1 - It works at about 60GHz. You are not getting a lot of distance or even
going through a wall at that frequency and (likely) very low power levels

2 - The devices still need a central "base station". Presumably they
rebroadcast to neighbouring nodes; but at lower power levels since they reuse
some of the received power for themselves. I doubt you'd get more than 2 - 3
hops out before you don't have much power to begin with.

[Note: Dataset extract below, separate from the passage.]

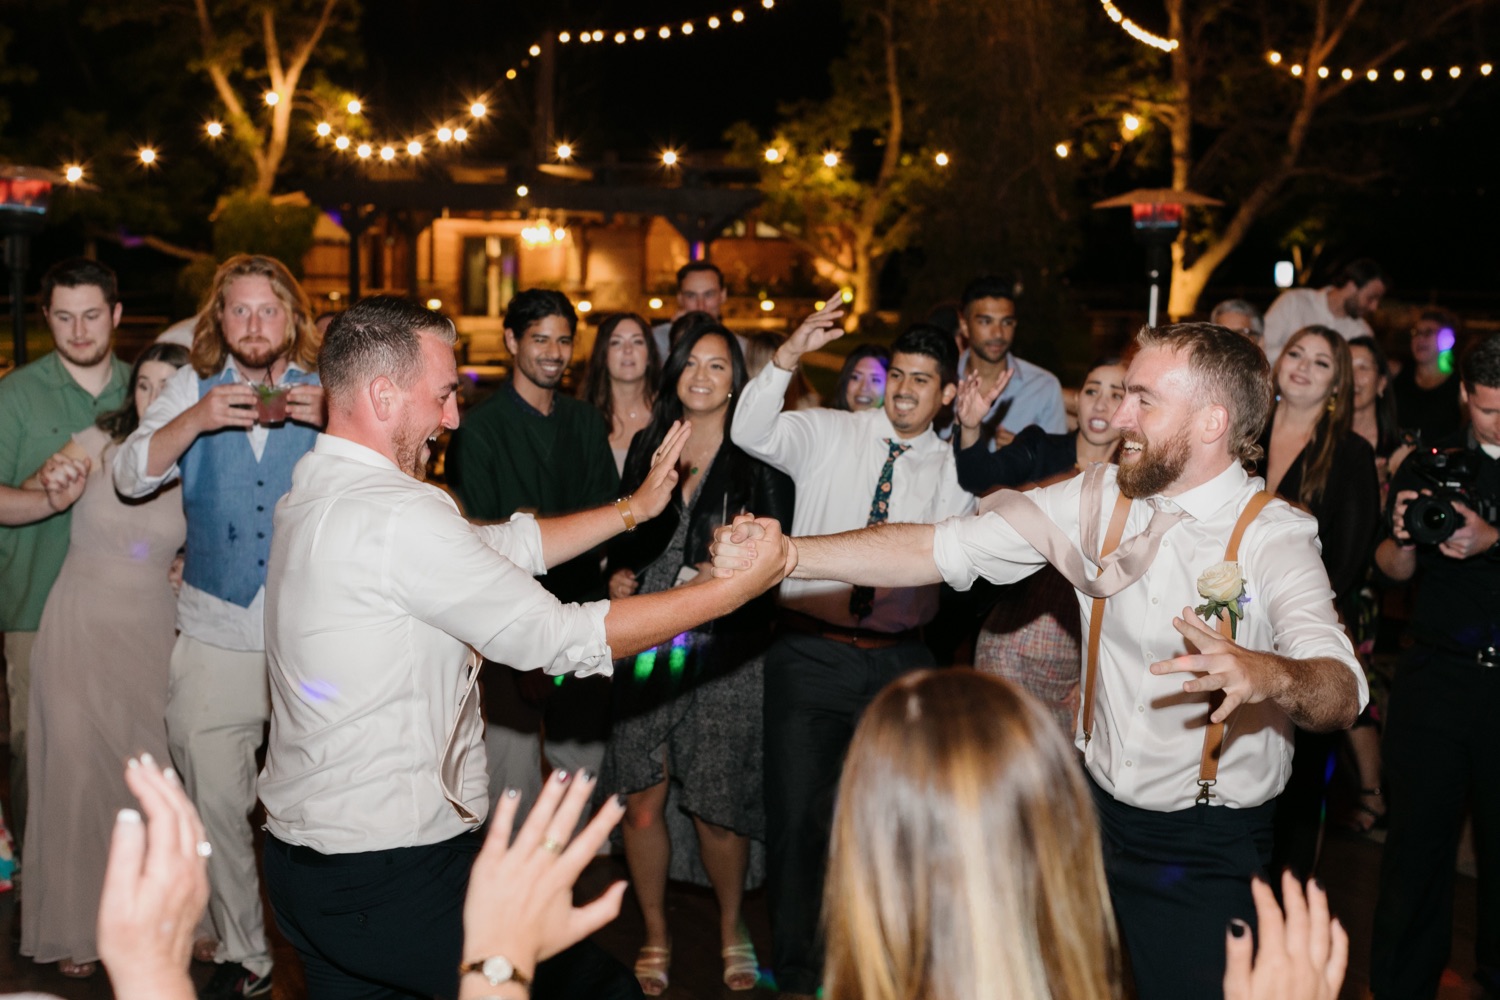 groom and his brother dancing together at walnut grove wedding reception

3 - He cites including these in fridges, coffee makers, light bulbs, etc. None
of these are power constrained applications. You can put in $0.45 802.15.4
chip in them TODAY and it comes with a whole microcontroller inside to do what
you want to do.

The tech here is no doubt "cool" but I don't see any applicability for IoT. If
anything I think it would have some medical uses in pills you can swallow etc.
But IoT use is kind of a dud.

Most IoTs have pretty good power source and you can run the w/ existing
chipsets.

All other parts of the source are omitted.